Today, the SBMA is now looking to develop Singapore as the ASEAN hub for global players in the physical bullion market. This includes providing vaulting/storage facilities as well as developing a clearing mechanism for gold kilobars and harmonising procedures and industry standards specific to the Singapore and ASEAN market, such as the SBMA Good Delivery List, the Singapore Kilobar Gold Contract and ICE Kilo Gold Futures.
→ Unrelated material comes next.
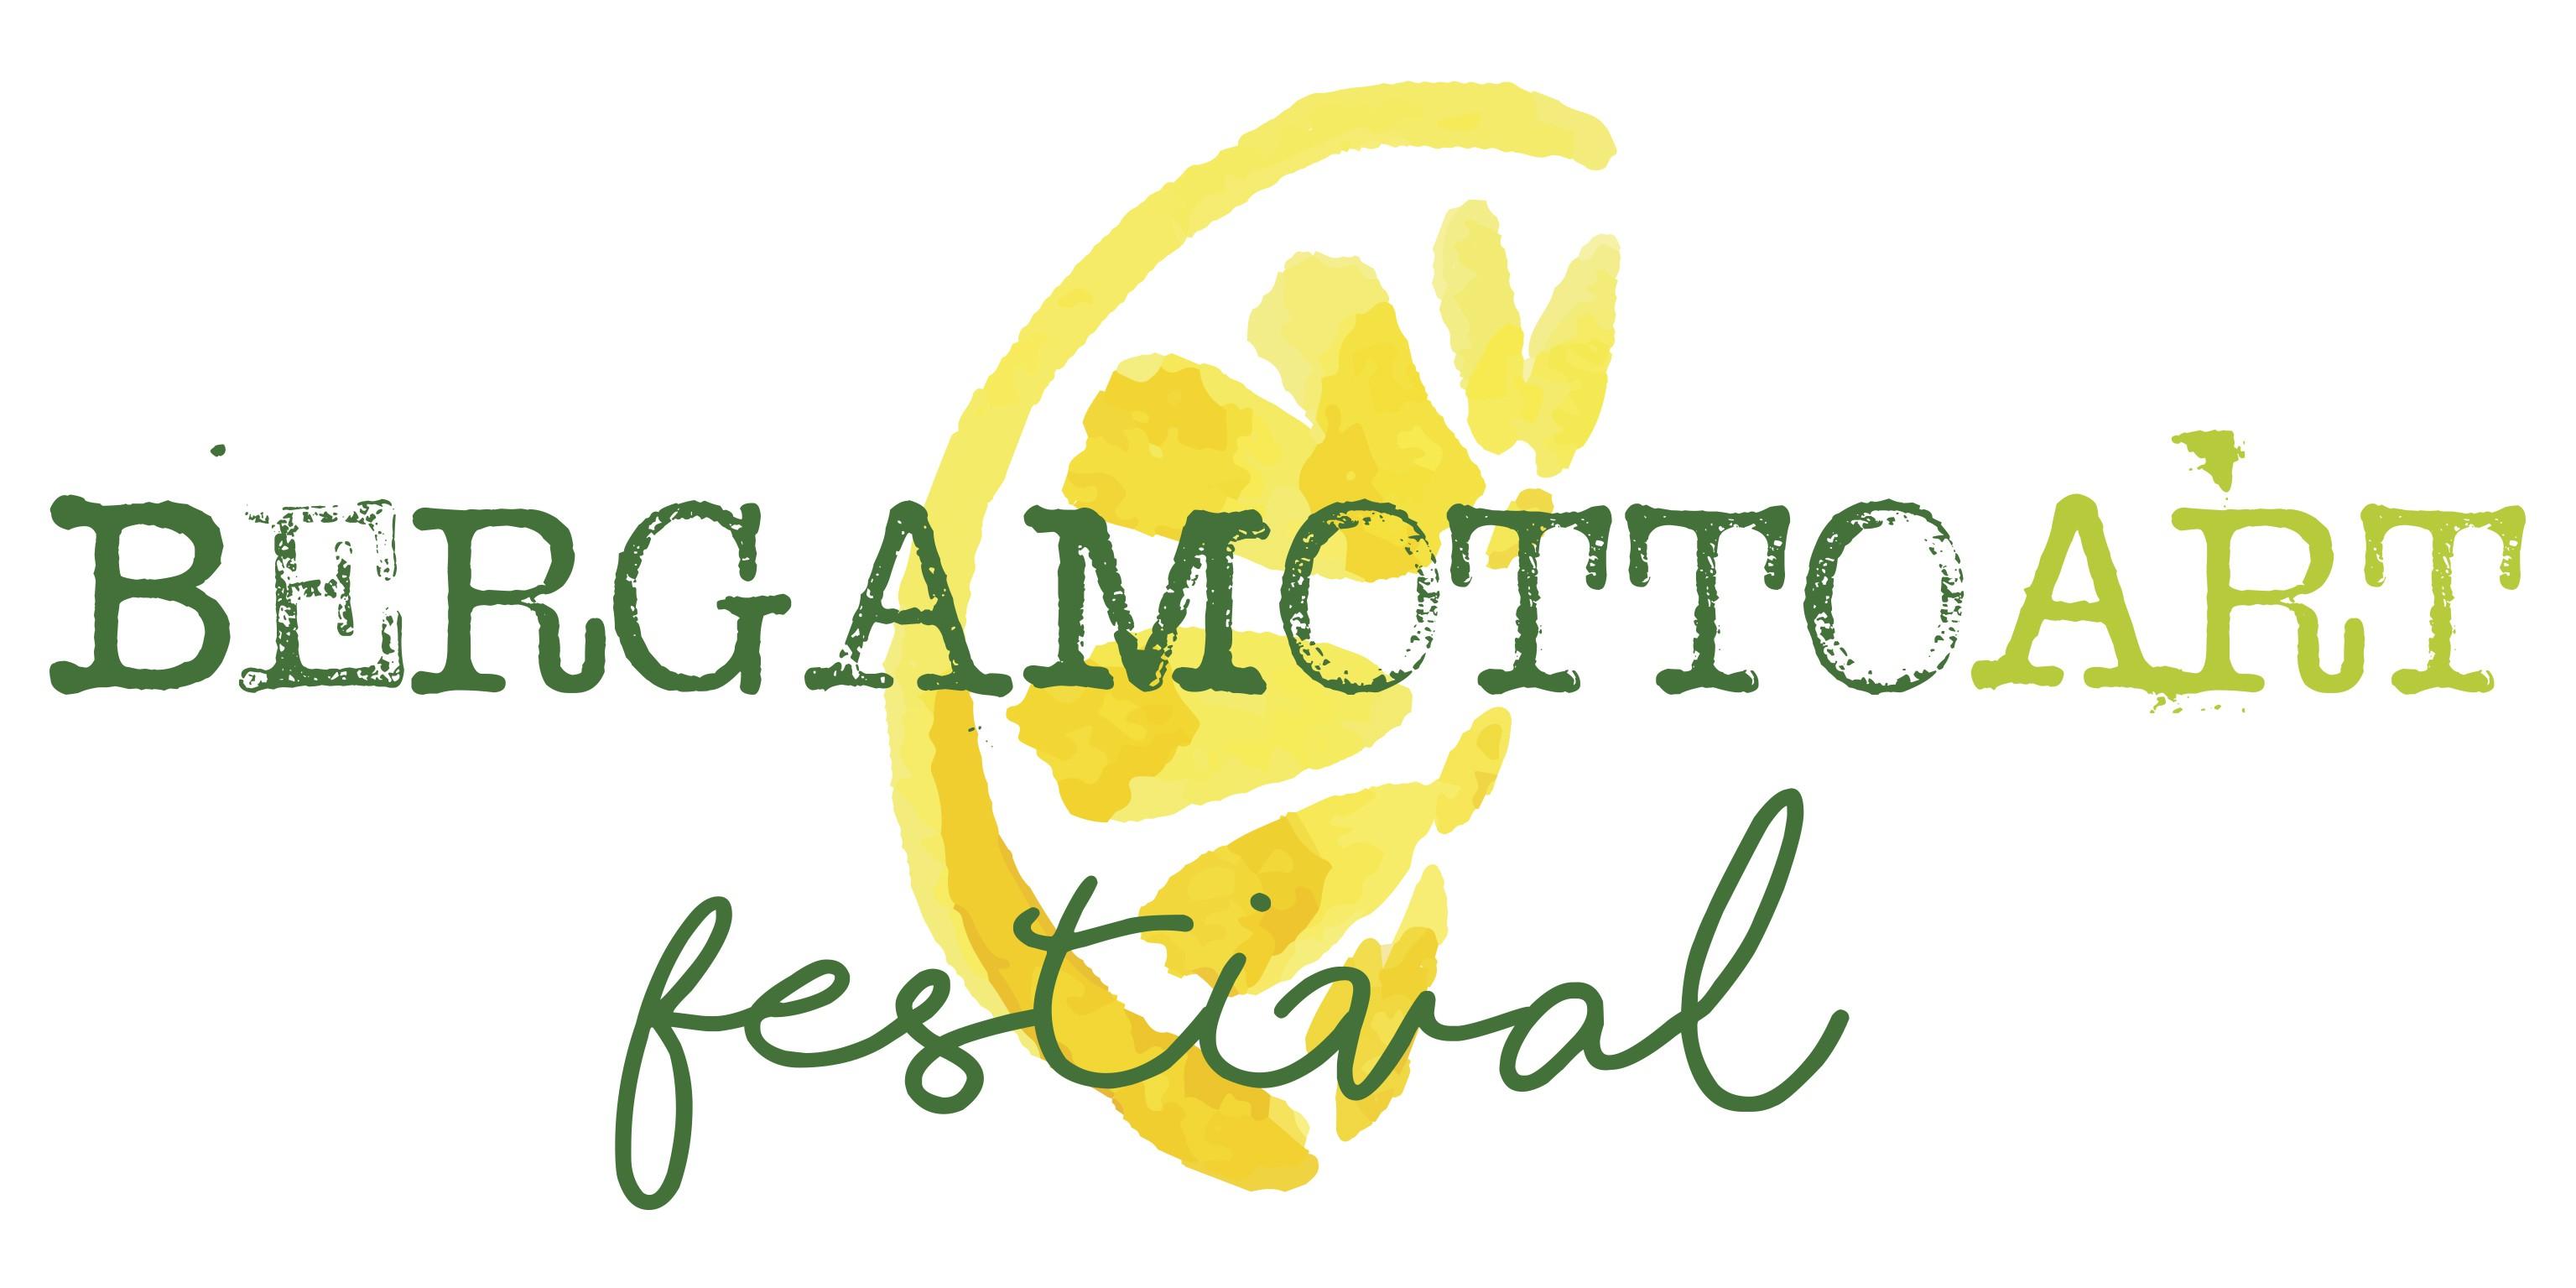 Bergamottp Art Festival logo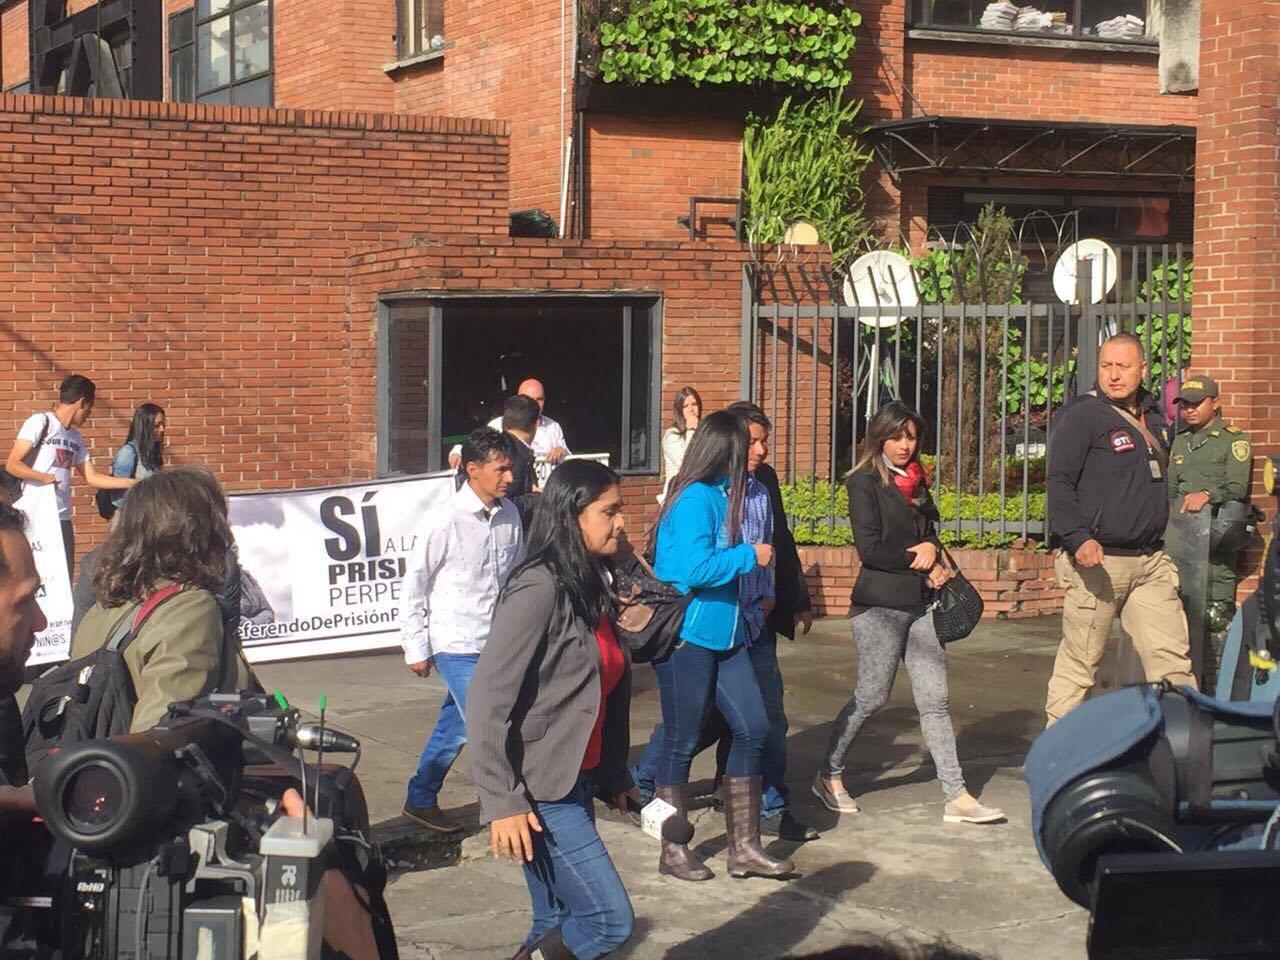 En paloquemao y redes sociales piden condena ejemplar por for Juzgados de paloquemao

The SBMA also hopes to create a more harmonised tax regime, regulatory infrastructure and industry standards among ASEAN jurisdictions, including legal documents, testing, assaying and operating procedures. The SBMA wants to look beyond the immediate horizon to further develop the Singapore and ASEAN gold markets through advocacy and research activities.

About the SBMA

The SBMA is a non-profit organisation currently representing 35 key stakeholders from the precious metals industry in Singapore and beyond, including bullion banks, exchanges, refineries, bullion merchants and secured logistics support companies. Its mission is to develop the bullion market in Asia, including setting standards, drafting promotion, developing best trade practices and documentation, driving thought leadership and enhancing the professionalism of the industry.

The SBMA plays a pivotal role in market development in Singapore and beyond, connecting regulatory bodies and industry players, as well as promoting the Asian bullion market internationally. Its international partners include the LBMA, with whom it partners on various initiatives, including this year’s annual LBMA/LPPM conference. The SBMA aims to have widespread representation in ASEAN and beyond and is actively recruiting members. We welcome your participation, opinions and enquiries. Please contact CEO Albert Cheng at or Executive Director Hawk Namiki at hawk. for more information.

Albert L. H. Cheng, CEO of the SBMA and Advisor to the World Gold Council (WGC). Albert retired from the WGC at the end of March 2015 after many years of service but was then appointed as an Advisor to the WGC with effect from April 1, 2015.He has been an Advisor to the International Advisors Committee of the Shanghai Gold Exchange (SGE) since its inception in 2002. In November, 2015 he was also appointed as the honorary CEO of the SBMA.

Sunil Kashyap is the Managing Director, Head of Asia, ScotiaMocatta, Asia and Chairman of the SBMA. He joined Mocatta Bullion in 1996 which was then taken over by The Bank of Nova Scotia in 1997. He is primarily responsible for managing The Bank of Nova’s Scotia’s metals business in Asia covering operations in Hong Kong, Singapore, China, India and Dubai. He is a member of the International Advisor’s Committee of the SGE and was a member of the inaugural Gold Committee of the Dubai Metals and Commodity Exchange. He holds a Master’s degree in Business Administration from Cornell University, Ithaca, New York and is an engineering graduate from IIT, New Delhi.